Photo from the short ‘Webcam’

Description from Selected by MovieMaker Magazine as one the world’s “coolest film festivals,” the Disposable Film Festival supports and celebrates the democratization of cinema made possible by new, inexpensive video technology. Disposable offers a legitimate forum in which the work of zero-budget and non-traditional filmmakers is taken seriously and exhibited in theaters around the United States and internationally. Through workshops, competitions, panels, and other events intended to educate and inspire, the Disposable Film Festival promotes experimentation and innovation and helps build the track record needed for a new generation of filmmakers to enter and change the industry.

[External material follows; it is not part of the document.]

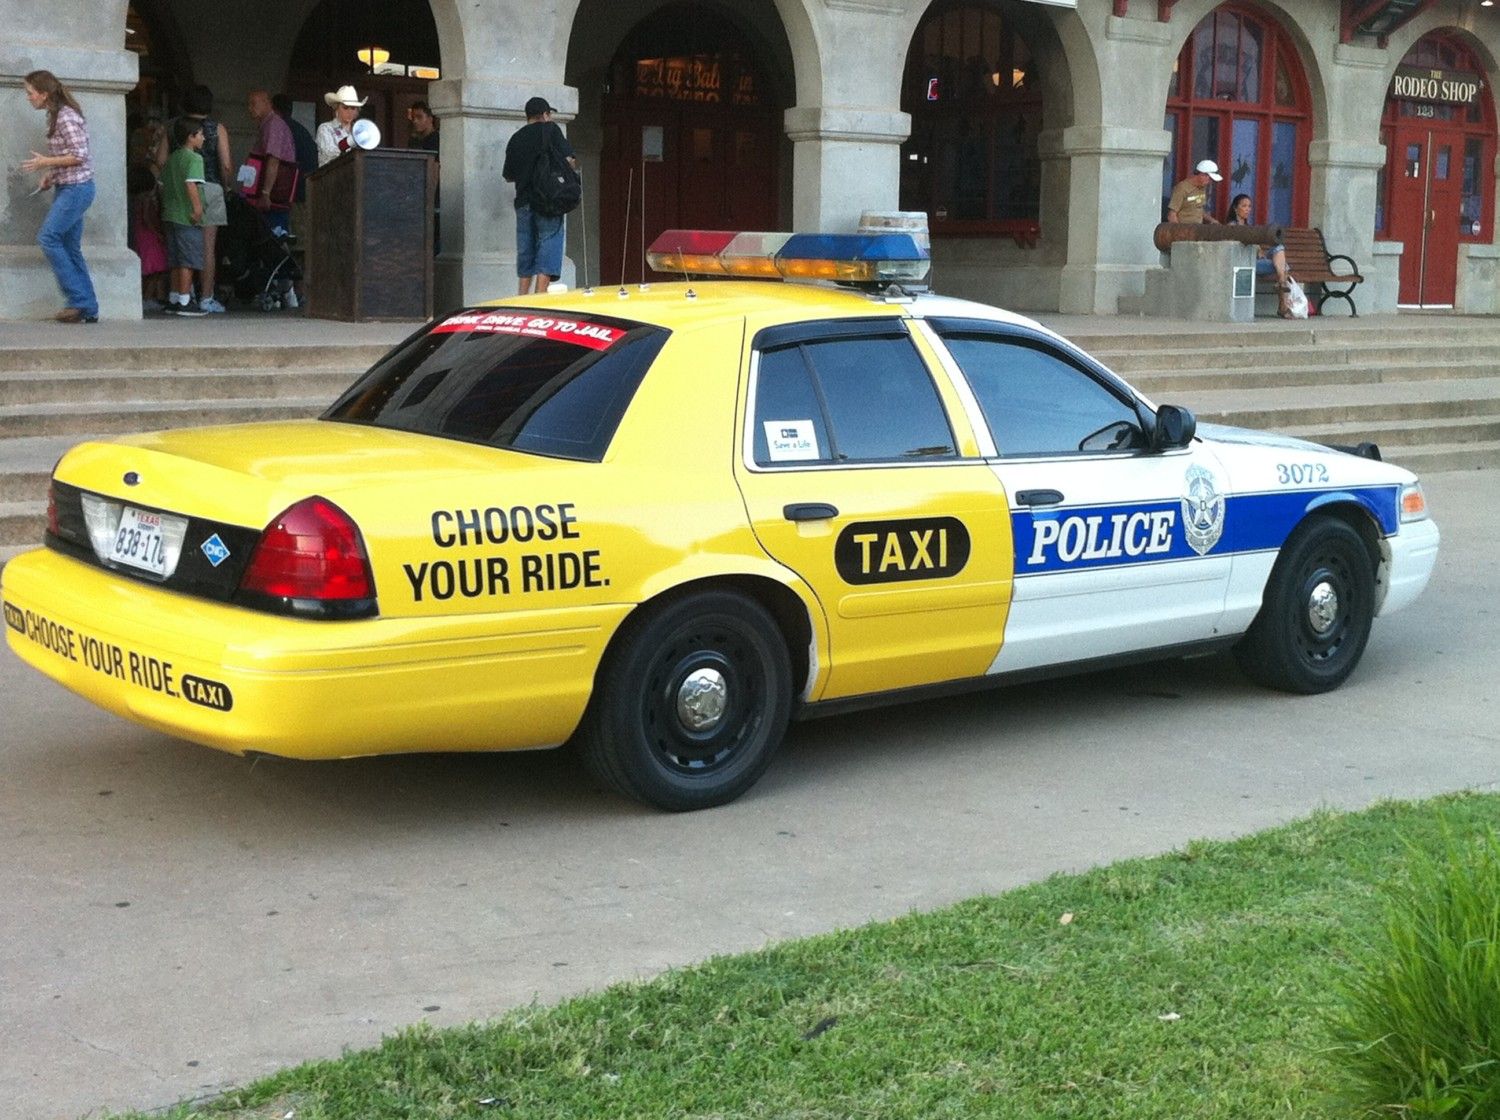 600x448px-LL-a5238777_police-taxi.jpeg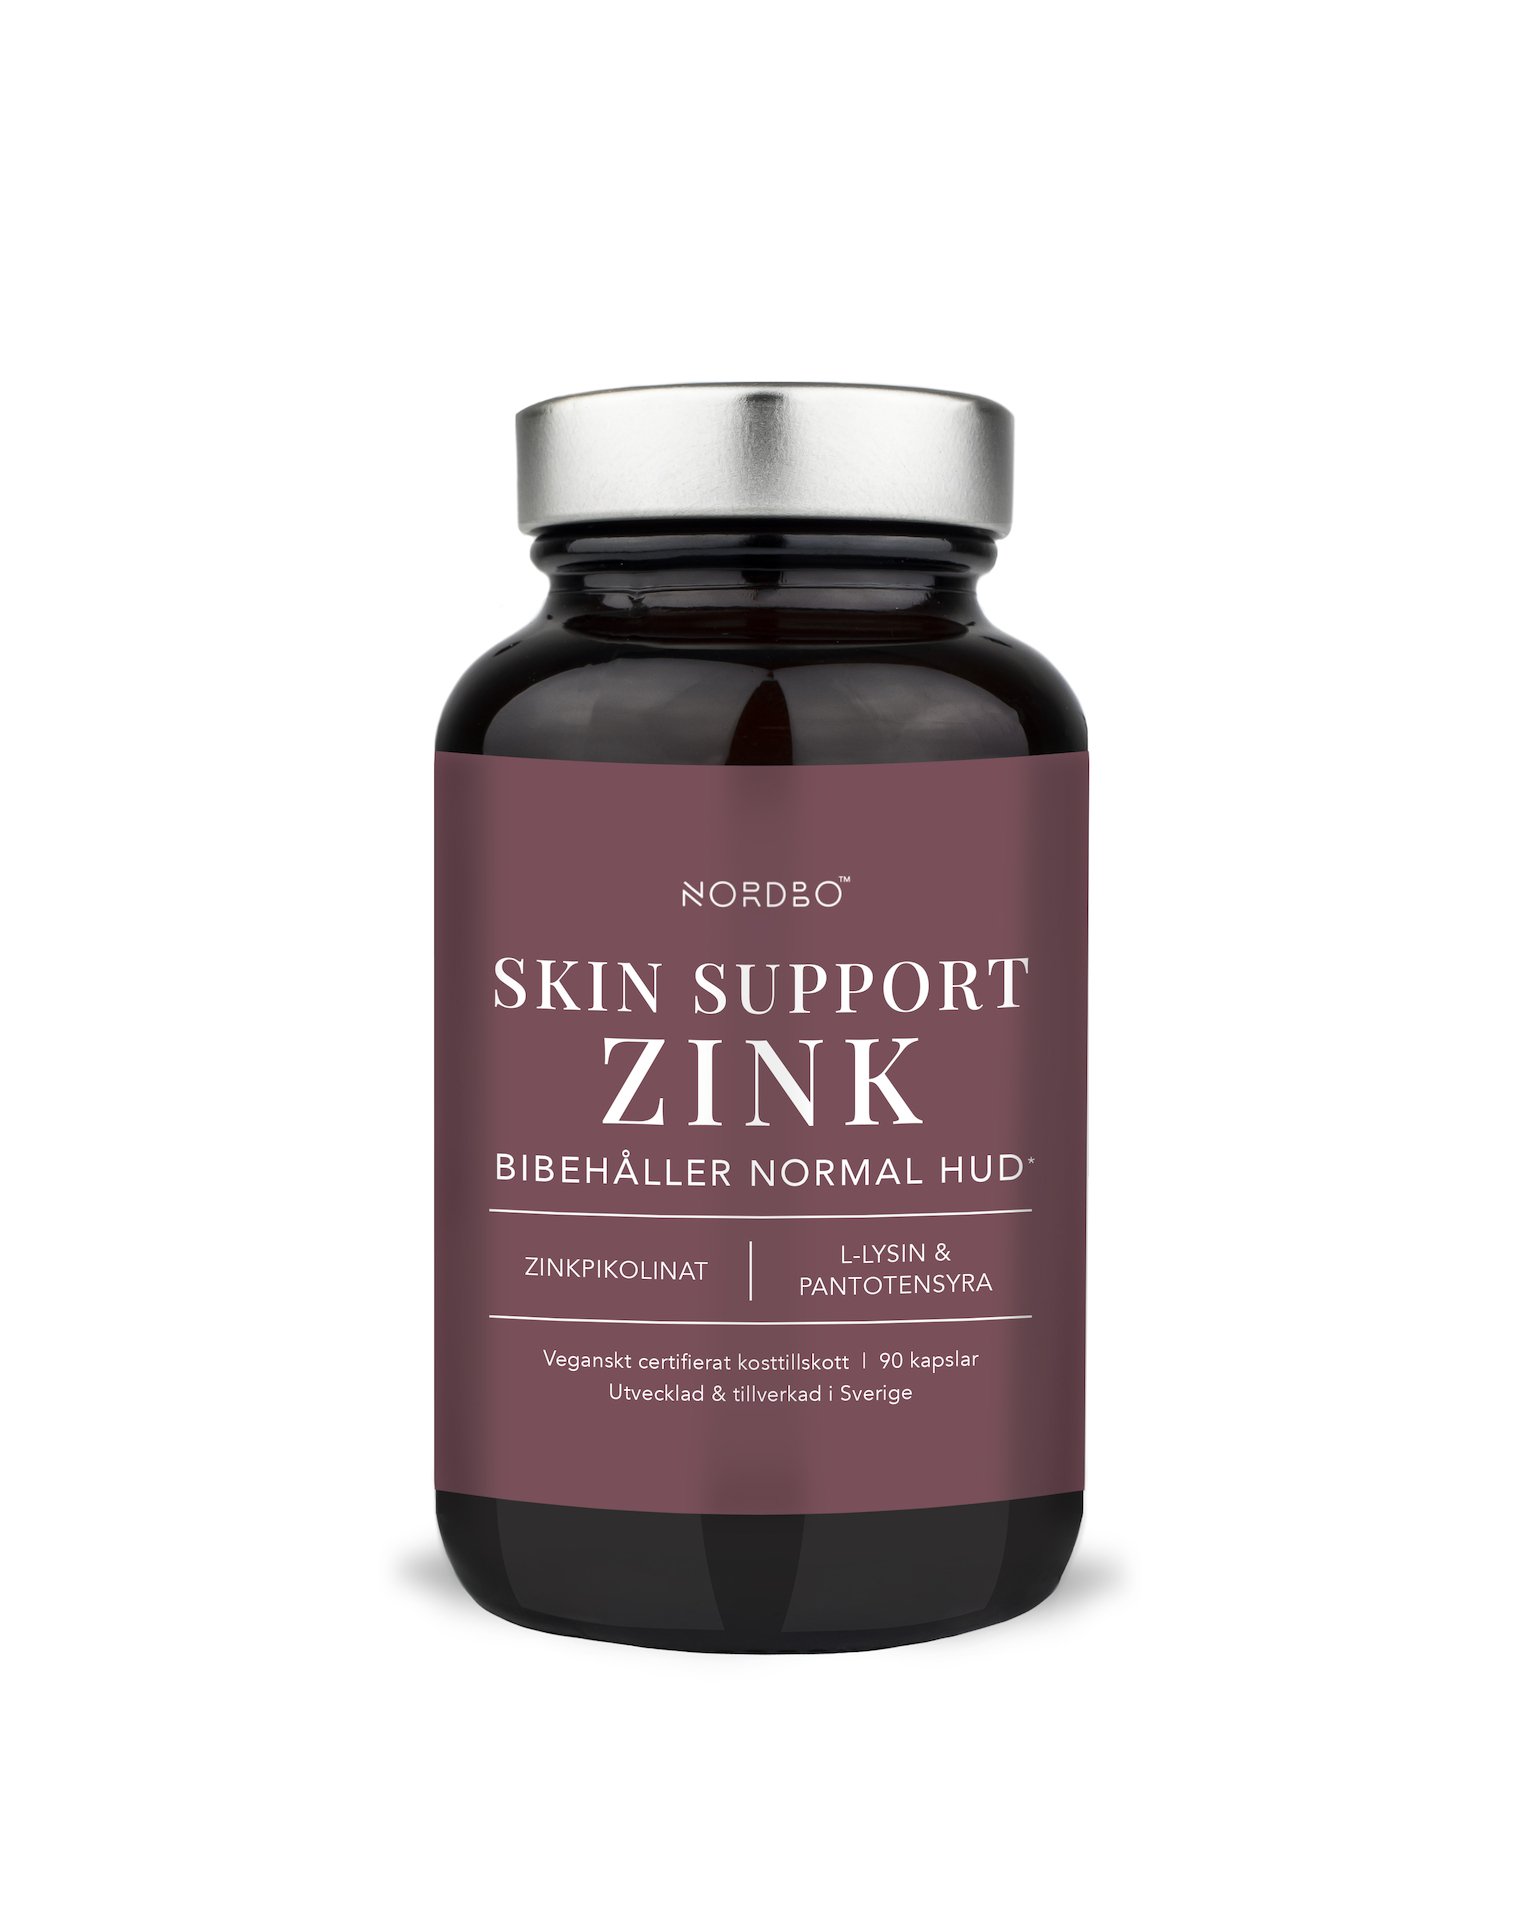 Nordbo Skin Support Zink, 90 kap

I dare you not to leave the Disposable Film Festival wanting to become an auteur.  Founded in 2007 by Dr. Carlton Evans and Eric Slatkin, the Disposable Film Festival was designed to celebrate the democratization of film making by showcasing works made using mobile phones, laptops, cameras and other non-traditional devices.

Creativity is key and content is king. Anyone can submit for a fee of 99 cents and the depth and variety of this year’s finalists was amazing and inspiring at the same time. From genre to romance to music video – every possible permutation was there.

Particular standouts for this reviewer:

Webcam.  Shot entirely on a Mac Book, this film manages to create a creepy narrative that plays on that occasional irrational thought that someone is watching you through your camera. (You know what I’m talking about)

Les Ongles (The Nails). The 2012 Festival Winner is a good old fashioned genre piece, shot entirely on a mobile phone.

Splitscreen.  A visually stunning story of a couple reunited.

Special mentions:

The Voyagers.  Stock and archival footage is edited together with a reflective voice-over, tracing our place in the Universe and the trajectory of a couple’s love.  The story doesn’t quite gel for this reviewer, but the effort is to be commended and it is worth a watch.  Ditto Dans L’Ombre (In the Shadows) which pulls together famous cinematic scenes in the film noirish story of a shadow.

One could literally spend hours on their official website, and I heartily recommend that you do.